The doctor would still need to have the baby around for observation over the next few days, just in case. There was no opposition on our end. The little girl was now okay, that was all that mattered.
Health is Wealth
I have come across this corny statement so many times, but never really took the time to internalise it.
Medical treatment in Kenya is very expensive. I don’t know about other countries. The hospital bill just kept ramping up and by the time the doctor cleared the now bubbly toddler as fit enough to head home (almost a month later), Stevo was down to his last coin...literally.
With no medical cover, the rainy day account didn’t even make it past week one. We had to engage friends and loved ones in a WhatsApp group that was created specifically to raise the money needed.
It was a lot.
If you don’t have health insurance, I beseech you to find a way to set this up. In this day and age I’m sure there’s a payment structure that suits everyone, including the unemployed. You just don’t know when you’ll need it.
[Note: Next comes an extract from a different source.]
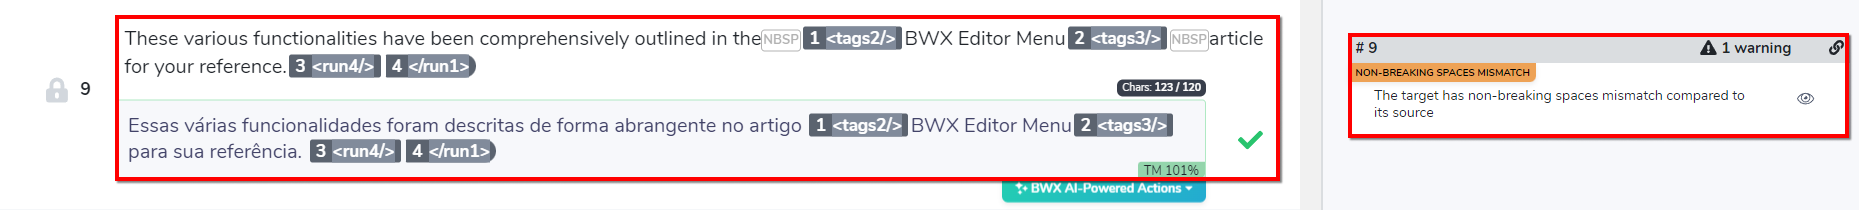 How to use the BWX QA Check Tool - November 2023 Update - 2.png

Flash-forward to this day and Stevo’s little girl is just a bundle of joy. She turned two the other day and you can’t even tell how close it came to a tragic end. Her birthday stirred up old memories.
A year later, no rainy day account, no savings, no business, but a happy and healthy daughter. Fair play if you ask me. However, if you can avoid the financial strain that comes with medical costs, just do it.